Avevo optato senza troppo entusiasmo per il nord dell’Europa. Avevo perso mia madre da circa
cinque mesi e mio padre da un anno. Avevo bisogno del meritato riposo, lontano da tutto e tutti.
Vedevo le famiglie immortalare con le foto i paesini che s’insinuavano nei fiordi, i colori nitidi del
cielo e dei boschi. Osservavo le vite degli altri dal ponte vicino la piscina.
Maledizione, mi resi conto di non avere più una famiglia, né di origine né tutta mia. Non ero stato
nemmeno in grado di tenermi stretta quella che avevo provato a crearmi sette anni prima. Avevo un
figlio di cinque anni, ma viveva con la mia ex moglie. Era lui il mio universo di pensieri e
attenzioni. Io ero il suo eroe nonostante i miei errori e fallimenti.
Dopo cena decisi così di assecondare gli amici ed entrai, quasi trascinato, in quella sala. Tra rumori
e musiche diverse, si muovevano uomini e donne elegantissime di ogni età.
Poi quasi defilata, in un angolo più buio la vidi. Si trovava insieme con altre, già tutte occupate. Lei
era sola e libera. Sembrava ci stesse attendendo.

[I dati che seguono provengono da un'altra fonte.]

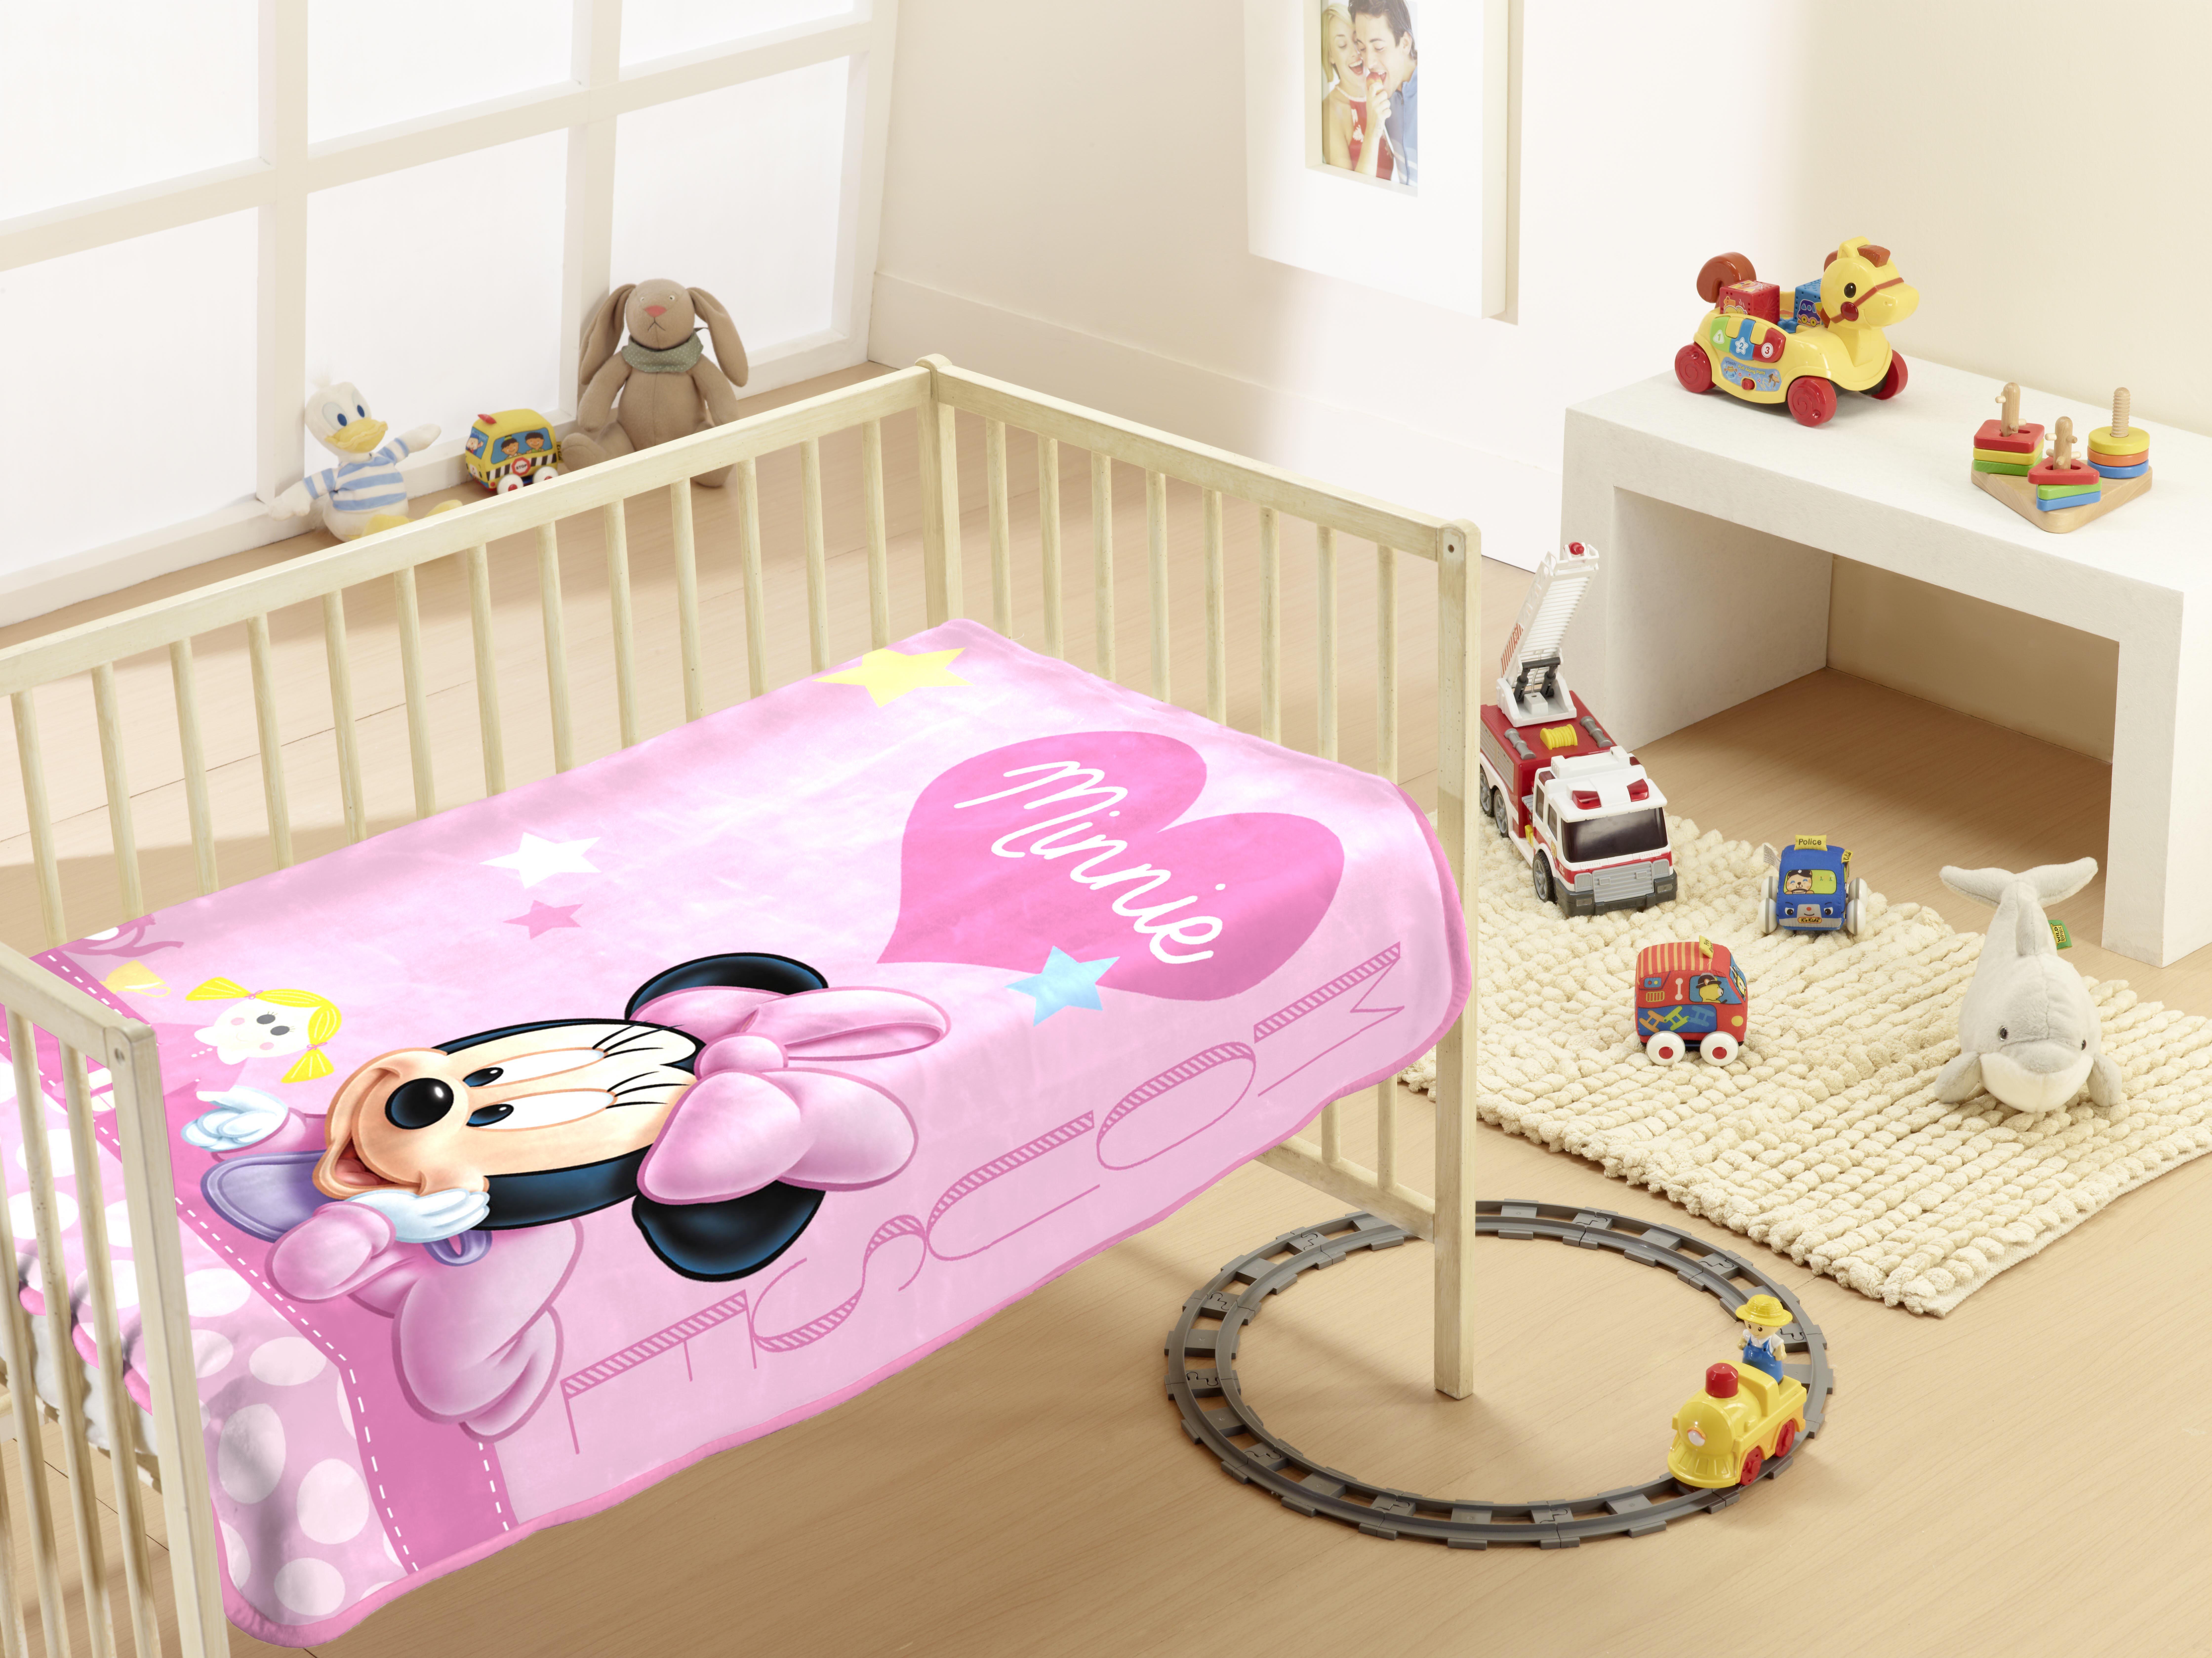 Κουβέρτα Μπεμπέ Βελουτέ Minie 9 Dim Collection – Disney – minnie-9-bl-dim
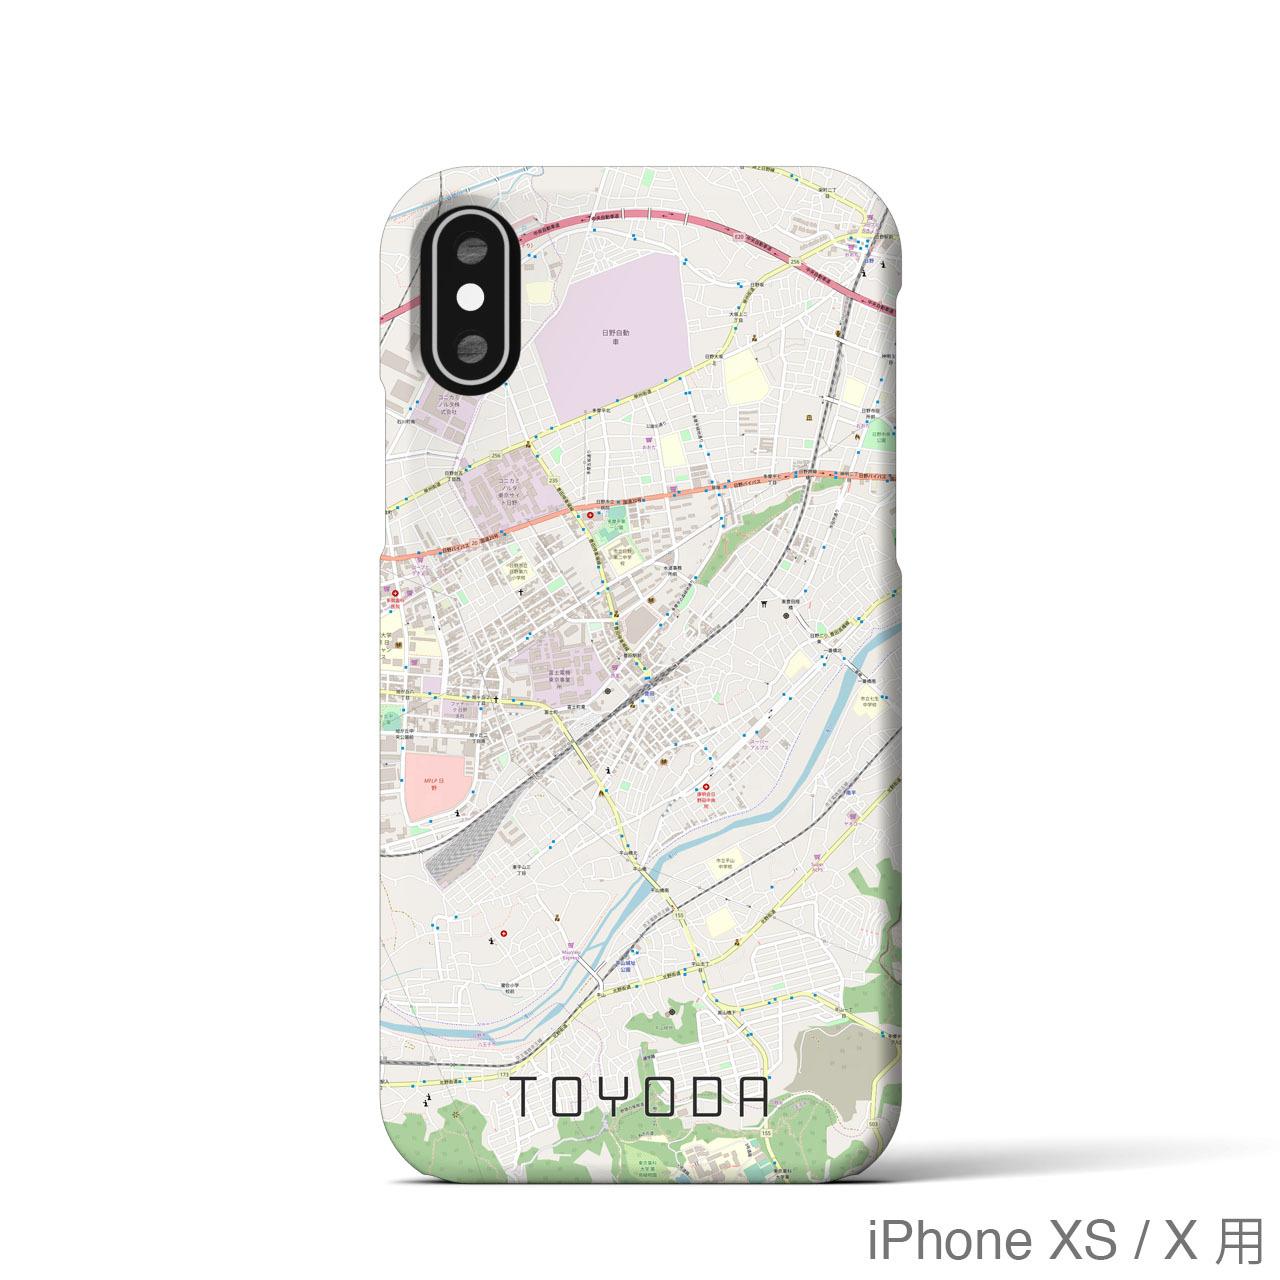 【豊田】地図柄iPhoneケース(バックカバータイプ・ナチュラル)

Una postazione con lo sgabello nero e lucido, un
monitor gigante e dei pulsanti tondi e variopinti pronti a brillare, se solo sfiorati. La prima volta, che
vidi una slot, decisi comunque di amarla da lontano. Fu Marco, il mio amico di sbornie e avventure,
a tentare la sorte, a toccarla, a spingere i suoi tasti, a percuoterla, a implorarla alla fine. La vittoria,
seppur fugace, giunse solo dopo una ventina di minuti.
Il tintinnio delle monete mi scosse la schiena con un brivido. In quell’istante non diedi peso alla
scena che avevo vissuto. Iniziai a ripensarci il mattino dopo, a colazione. Mi facevo grande con gli
altri, reputandomi più abile di Marco. Se solo ci avessi provato anch’io con quei tasti. Per tutto il
giorno il rimpianto mi perseguitò, fino al momento in cui potei rivederla e toccarla. Ritornai da lei,
ma questa volta da solo. Con una scusa mi sganciai dalla comitiva.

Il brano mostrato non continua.